At the hospital Kelly said as nurses took the bandage off her hysterectomy surgery wound, it “exploded”. “It started seeping out everywhere,” she said. She had developed a serious infection.
Her diary entries reveal her fear, and that she was in severe pain. On 26 July Kelly wrote: “I feel really sick, the nurses are coming in and out all the time … I am in so much pain and just want to cry.”
On 29 July she wrote; “I still feel like I’m dying. I have not seen Dr Gayed since I came back in here. I keep asking the nurses where he is.”
On 31 July Kelly was visited by a surgeon who she described as a “guardian angel”. He told her he was taking her to theatre to clean out the infection and promised not to leave her side until she had been operated on. Kelly told him she did not want Gayed anywhere near her.

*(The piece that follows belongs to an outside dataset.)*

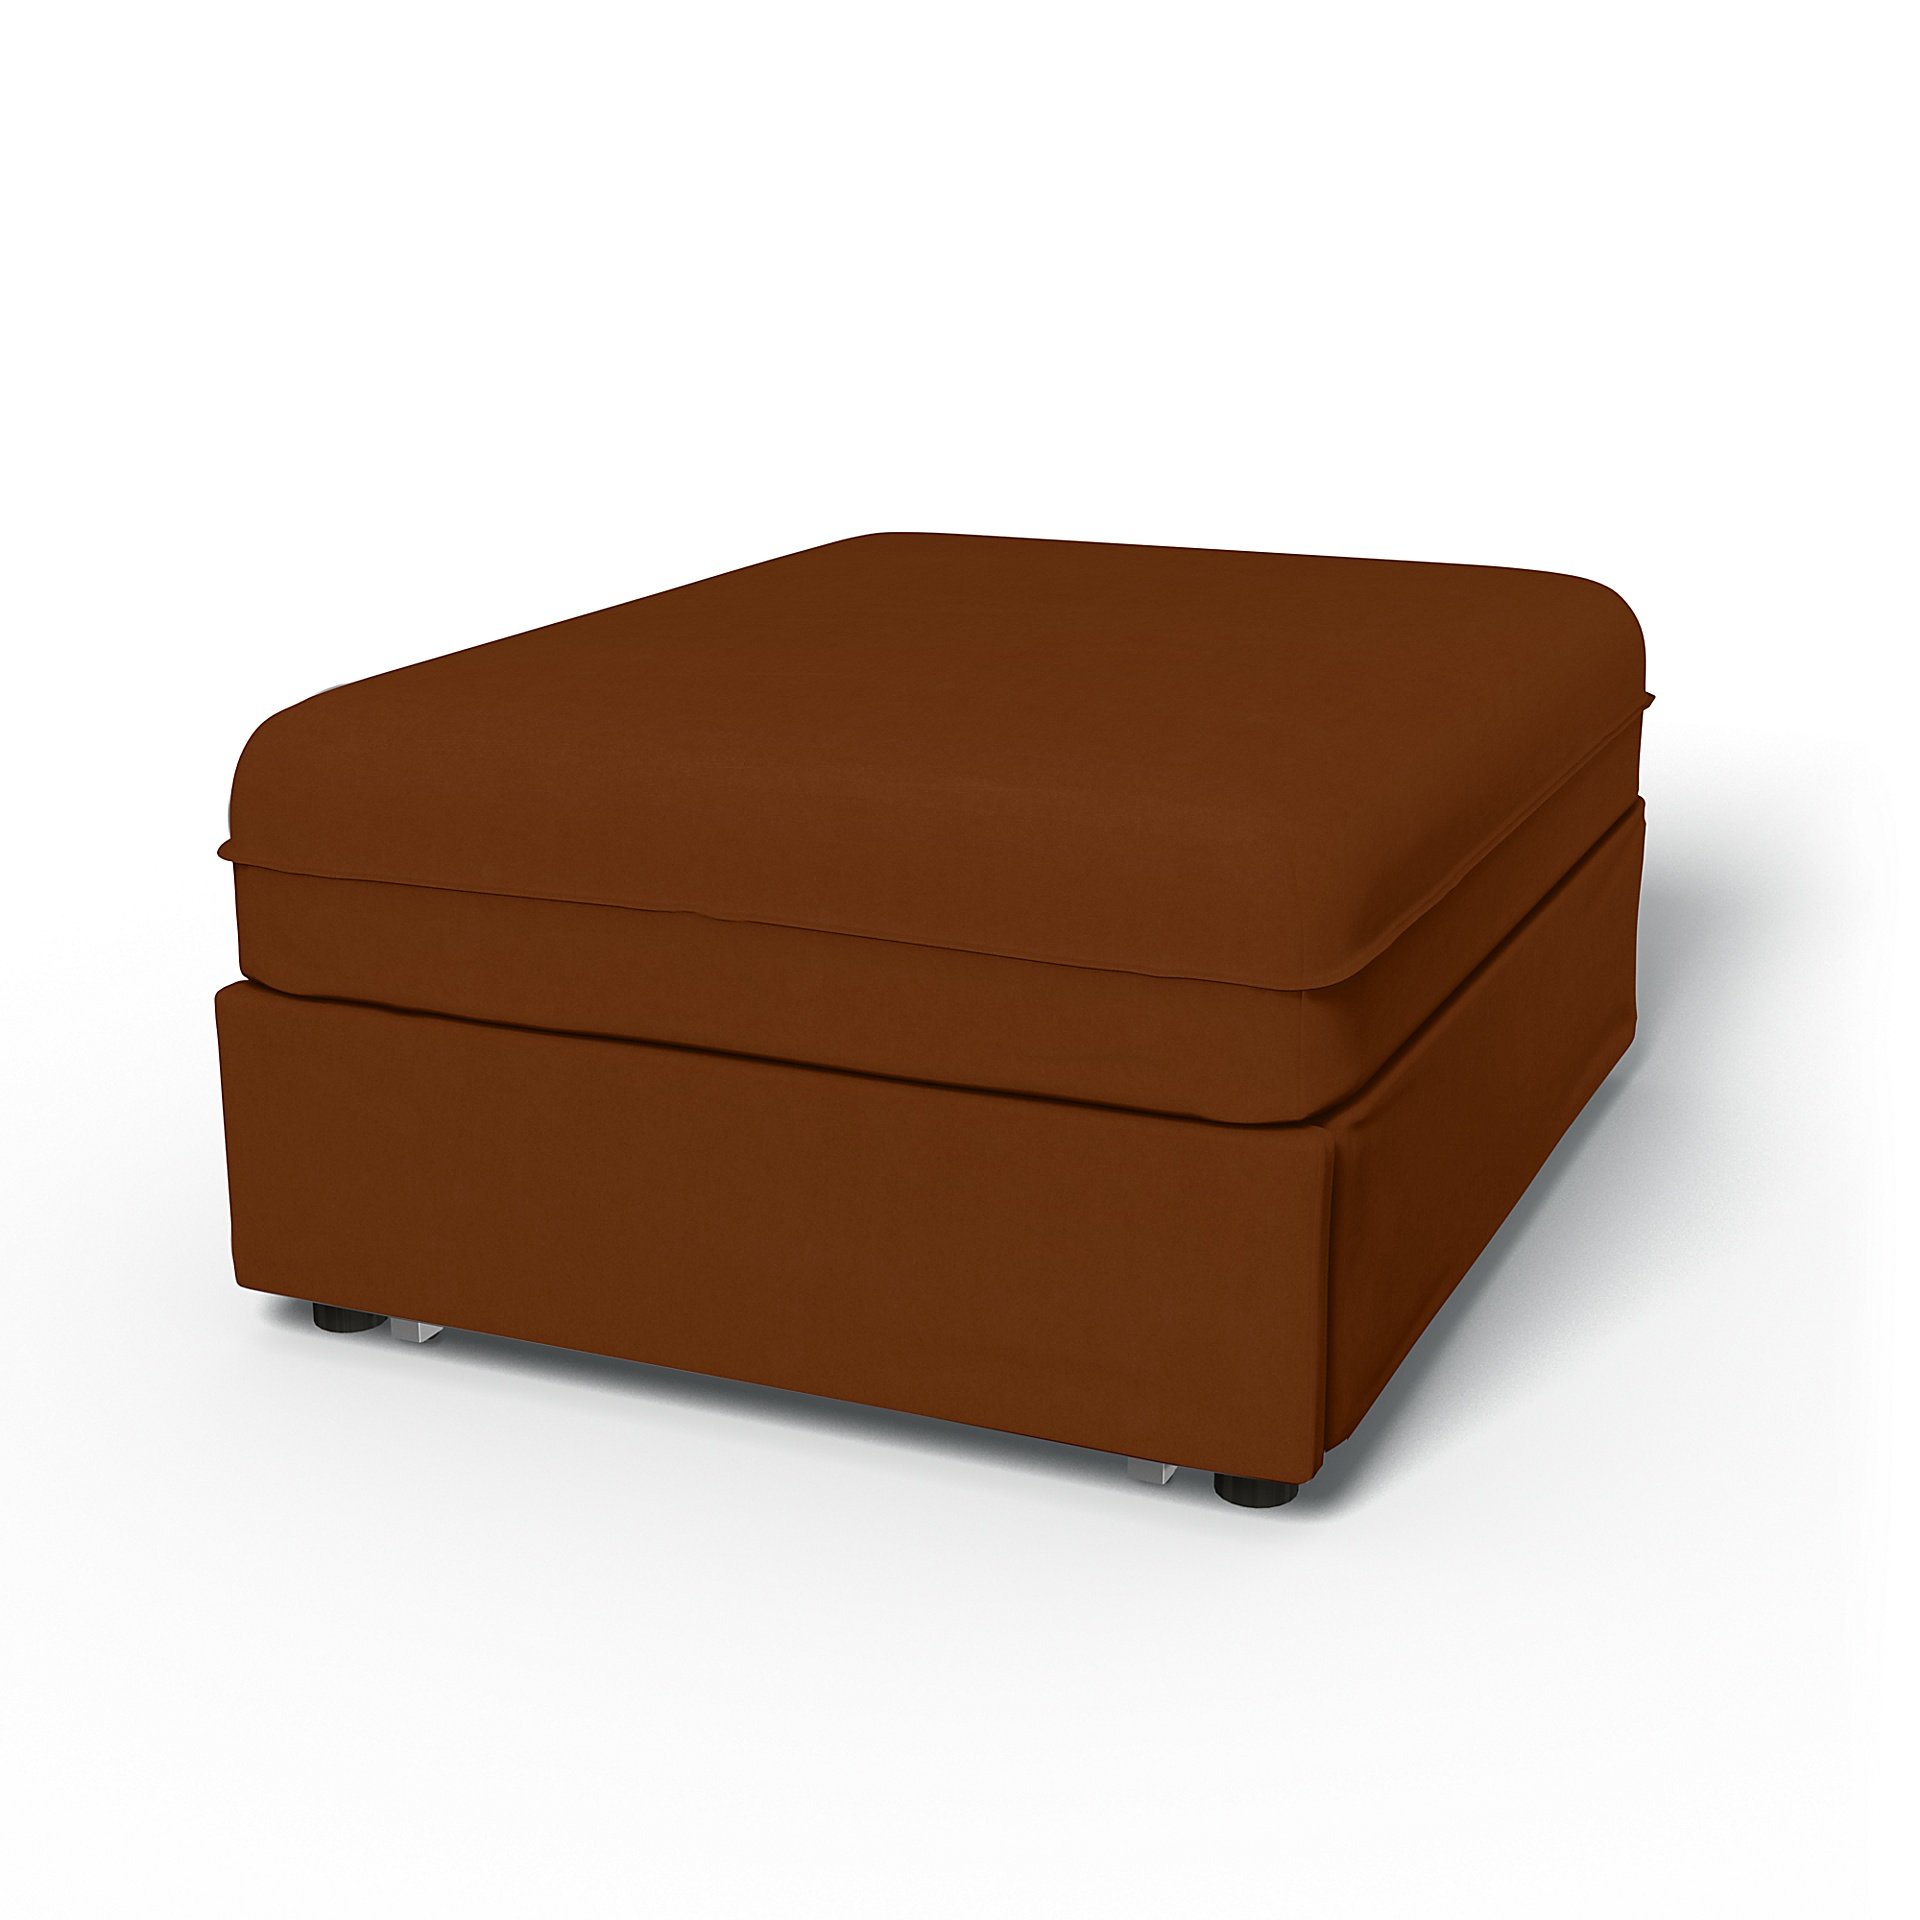 IKEA - Vallentuna Seat Module with Sofa Bed Cover 80x100cm 32x39in, Cinnamon, Velvet - Bemz

After being released from hospital the next month, in August, Kelly had to travel back to the clinic every day for more than four months to have her wound cleaned. She had to wear a vacuum dressing the entire time. She was also put on antidepressants and sleeping pills as she struggled to cope with losing her ovaries and knowing she would not be able to use her eggs and find a surrogate to carry her children. She still struggles with the trauma.
In August 2013, she had a follow-up appointment with Gayed in relation to her hysterectomy. Kelly said she didn’t want to go but knew it might be her only chance for her and her husband to get their questions answered.
“I asked him ‘why did you take my ovaries out?’. He said he took them just in case I got cancer. The lab results found there was no cancer in my ovaries. There was nothing wrong with them. Gayed said now they were gone at least I wouldn’t be coming back to him in five to seven years with cancer.”
She said Gayed told her he had been a doctor for many years and he knew what he was doing.
“I said ‘I think you fucked up my hysterectomy and you know it’. He then asked me to leave. There were people in the waiting room as I left and I said to them ‘I wouldn’t see him, he’s a hacker,’ and then his secretary told me to leave too.”
Kelly contacted a law firm in the town to see if she could take action against Gayed but was told they could not help her.
“I was told, ‘We can’t touch him, he has been working here for over 10 years’. I was going through so much and I just thought there was no point pursuing it further. I thought I was the only one.”
She said she was horrified and shocked to learn recently that so many other women had been affected by Gayed.
“I don’t want money, because that won’t bring my ability to have children back,” she said. “ I want him to never practise again and for people to know what he did.”